Multisac specialises in producing woven polypropylene bags for the agro-industry. The company believes in the importance of leading an environmentally safe sector and aims to reduce its energy bill and production costs leading to improved competitiveness, explained Mehdi Iraqi, its General Director.

That’s why its management decided to install photovoltaic plant (PV plant) on the roof of the production workshop over a total area of 6,000 m2. This installation is expected to produce around 689 MWh/ year, reducing the company’s energy bill as well as decreasing greenhouse gas emissions by 700 tonnes of CO2 emissions a year.

Morocco’s only plentiful natural source of energy is the sun: the country enjoys 330 to 350 days of sunshine each year.

To make use of this “cheap” resource, Morocco is leading a huge solar panel system initiative, hoping to construct five large-scale solar-power plants which are expected to provide approximately two-fifths of the nation’s energy by 2020.

Multisac’s adoption of this energy-saving technology will contribute to Morocco’s plans to reach 42 per cent of installed power capacity with renewables by 2020. Morocco faces challenges in the areas of energy security, sustainability and affordability due to high energy demand, which is expected to triple by 2030

“We produce around 200 million bags a year, serving the Moroccan and West African markets,” said Mr Iraqi. “We invest annually in expanding the capacity of our projects, introducing new technologies suitable for our sector and, more importantly, that work with more energy efficiency.”

Multisac obtained the lease for the construction of the photovoltaic installation by the local leasing company Maghrebail, part of the BMCE bank of Africa. With the support of the EU and the SEMED MDA, Multisac was provided with free advice on equipment choice, return on investment, maintenance and risk assessment of the solar PV plant, which ensures the project is financially viable in the long term.

In addition, at the end of the project the company received an incentive payment funded by the EU, which was an equivalent to 10 per cent of the lease value.

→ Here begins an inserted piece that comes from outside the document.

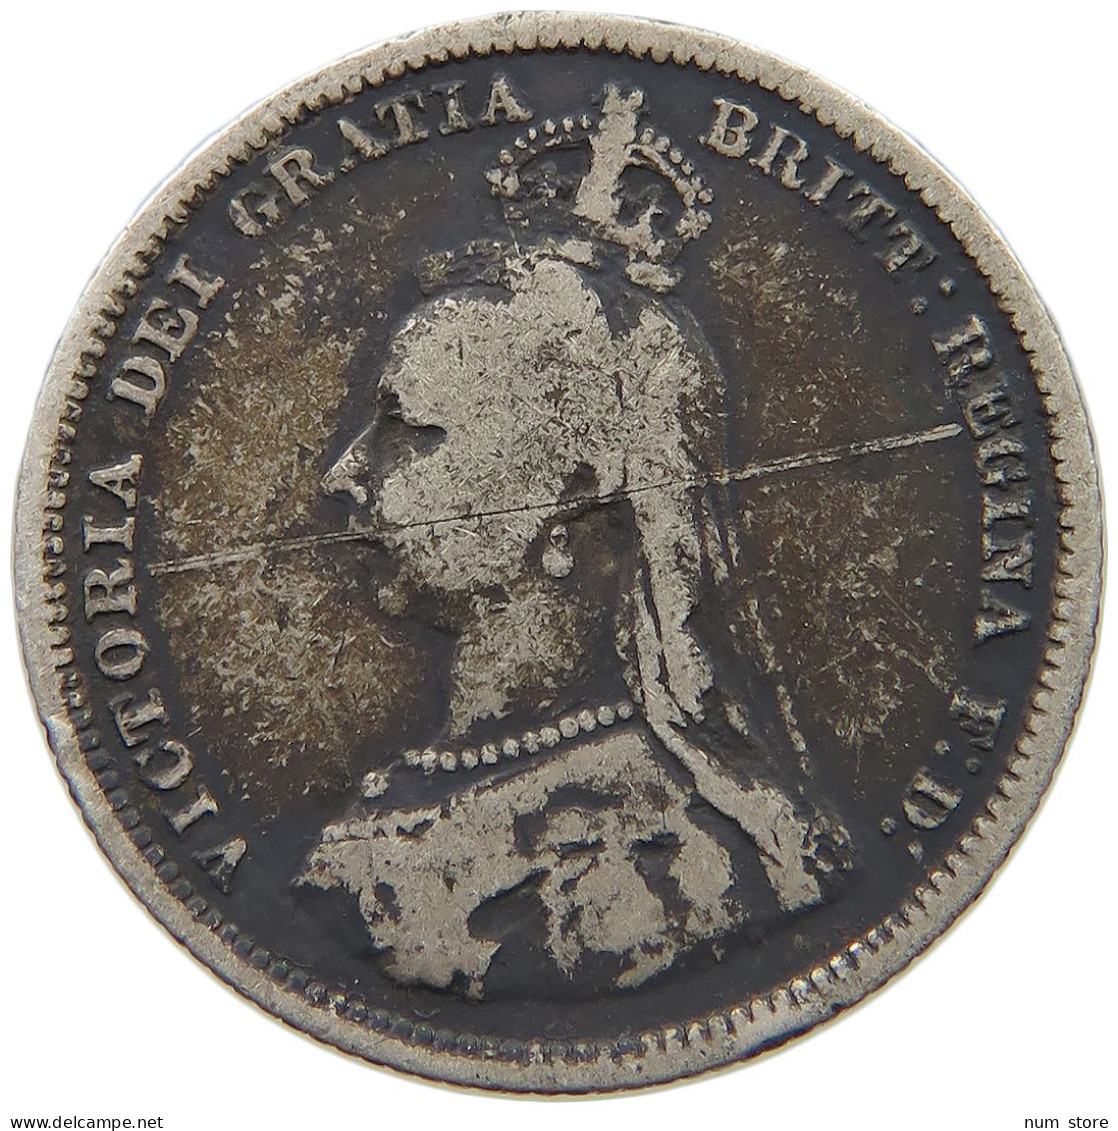 GREAT BRITAIN SHILLING 1888 VICTORIA 1837-1901 #MA 023308 - I. 1 Shilling

Claudia Wiedey, EU Ambassador in Morocco, adds: “The European contribution to MorSEFF is an essential component of EU support to the Moroccan transition towards a green economy, where the private sector and in particular SMEs have a crucial role to play.”

Sofia Zizi, Multisac’s Finance Manager, was pleased with the results of the PV plant project.

He said: “we noted results in electricity production of 831,000 kWh in the first year, corresponding to 12 per cent of our electricity needs, hence a decrease in our electricity bills. Adopting an environmentally responsible approach is particularly important to Multisac.”

In Morocco, the EBRD focuses on supporting sustainable energy, direct and indirect financing of private enterprises and infrastructure reform.

To date, the EBRD has invested €1,348 million in 31 projects in Morocco of which 44 per cent in the private sector.

*The SEMED MDA donors are: Australia, Finland, France, Germany, Italy, the Netherlands, Norway, Sweden, Taipei China and the United Kingdom.